8 декабря умирает Румянцев. Умирает после удара, вызванного приездом фельдегеря из Петербурга. Суворов потрясен. «Ваше Сиятельство потеряли отца, а Отечество героя!— пишет он сыну фельдмаршала графу Николаю Петровичу.— Я ж равно Вам в нем отца теряю...». Он сознает, что остался один и что на его плечи ложится ответственность за судьбу русской военной школы.
Уже 20 декабря следует первый выпад Павла против Суворова — отмена собственного повеления о назначении его шефом Суздальского пехотного полка. Затем один за другим следуют выговоры: за посылку офицеров курьерами, за увольнение их в отпуск без разрешения императора, за аттестование их на производство в чины.

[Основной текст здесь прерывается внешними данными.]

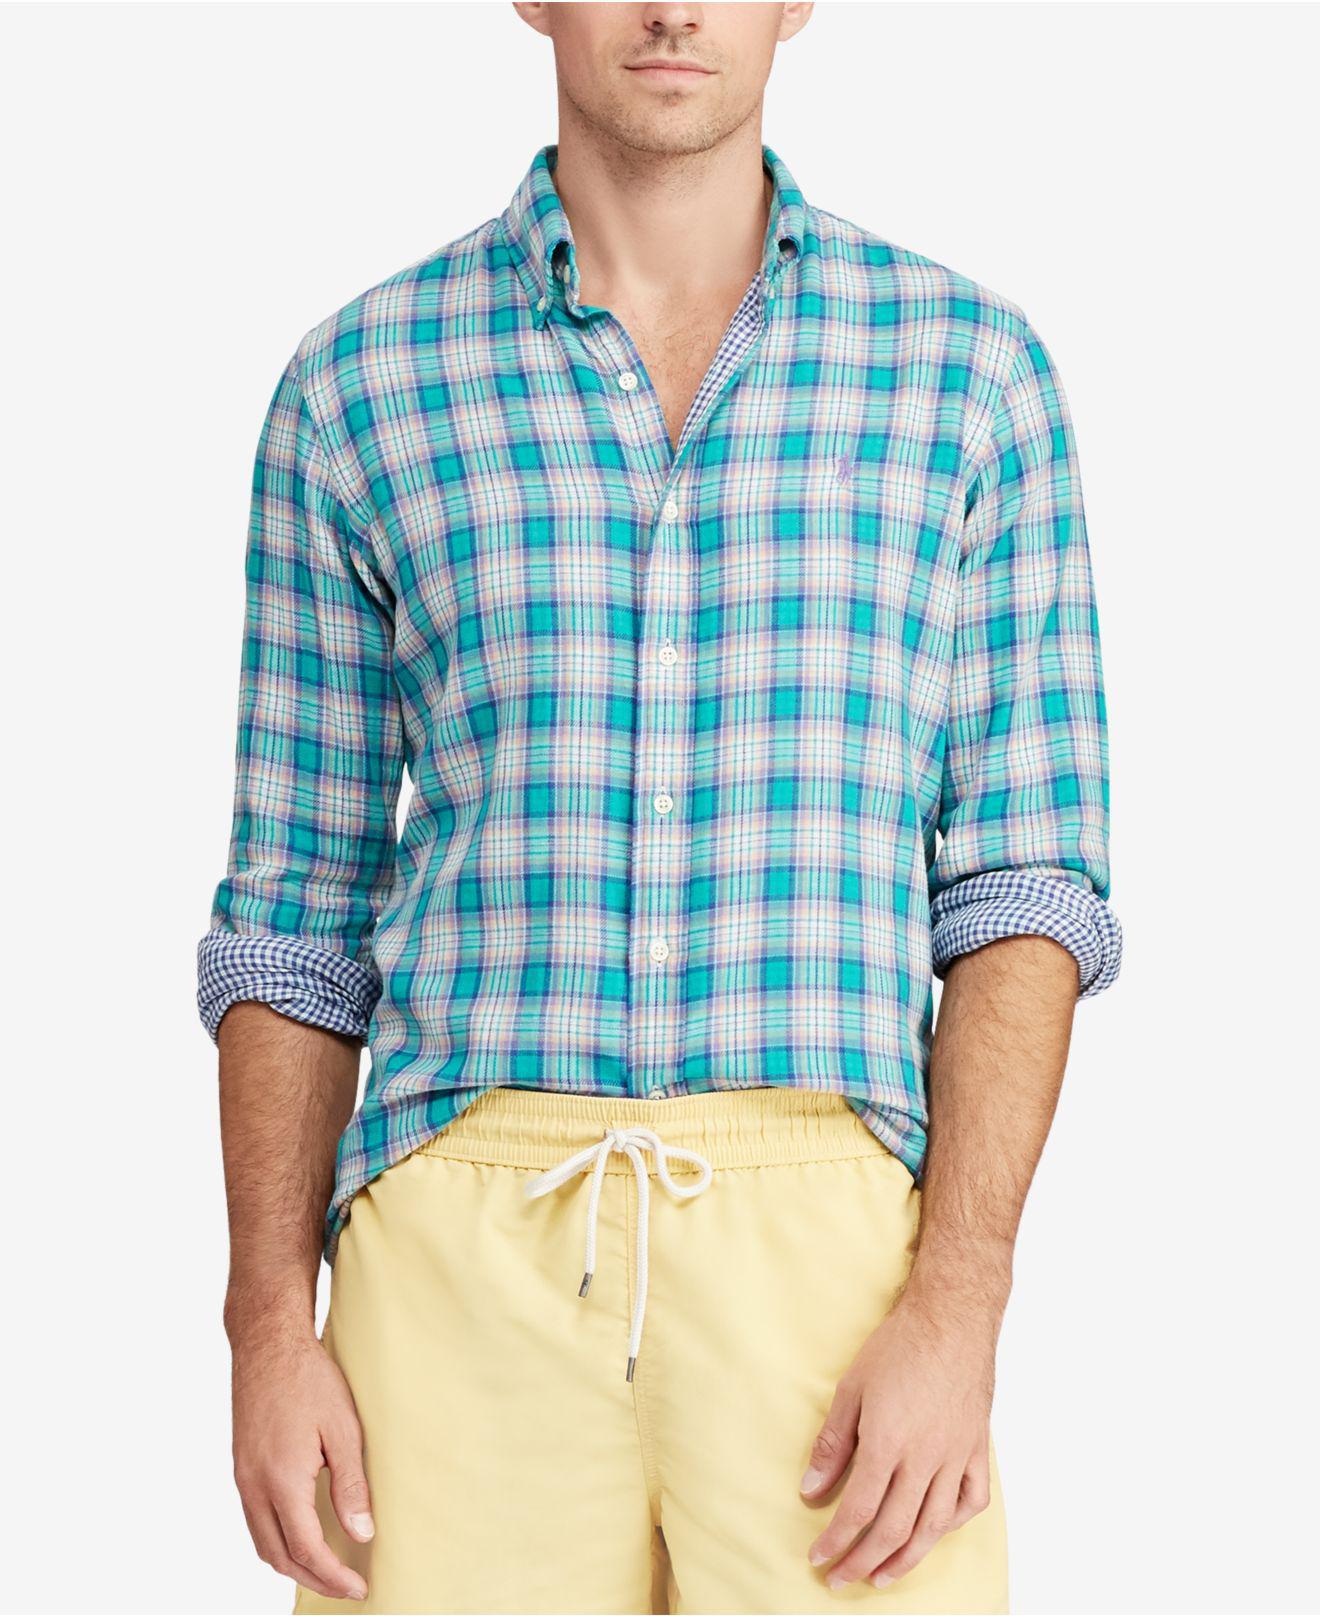 506841ec1 ... denmark polo ralph lauren. mens blue classic fit plaid shirt 63587 8f4b7

«Сколь же строго, Государь, ты меня наказал за мою 55-летнюю прослугу! Казнен я тобою стабом, властью производства, властью увольнения от службы, властью отпуска, знаменем с музыкою при приличном карауле, властью переводов. Оставил ты мне, Государь, только власть Высочайшего указа 1762 году»,— пишет Суворов 11 января. У него уже созрело решение — воспользоваться указом о вольности дворянства и проситься в отставку. Но он не может бросить дело всей своей жизни. Он знает, что на него смотрят тысячи глаз: как поведет себя в трудную для Отечества пору самый прославленный полководец И он подает рапорт об увольнении в годичный отпуск. Следует отказ, затем требование немедленно отправиться в Санкт-Петербург» Суворов подает прошение об отставке. Оно не обнаружено. Но содержание прошения известно. В приказе, отданном императором при пароле 6 февраля 1797 г., говорилось: « Фельдмаршал граф Суворов отнесся к Его Императорскому Величеству, что так как войны нет и ему делать нечего, за подобный отзыв отставляется от службы» .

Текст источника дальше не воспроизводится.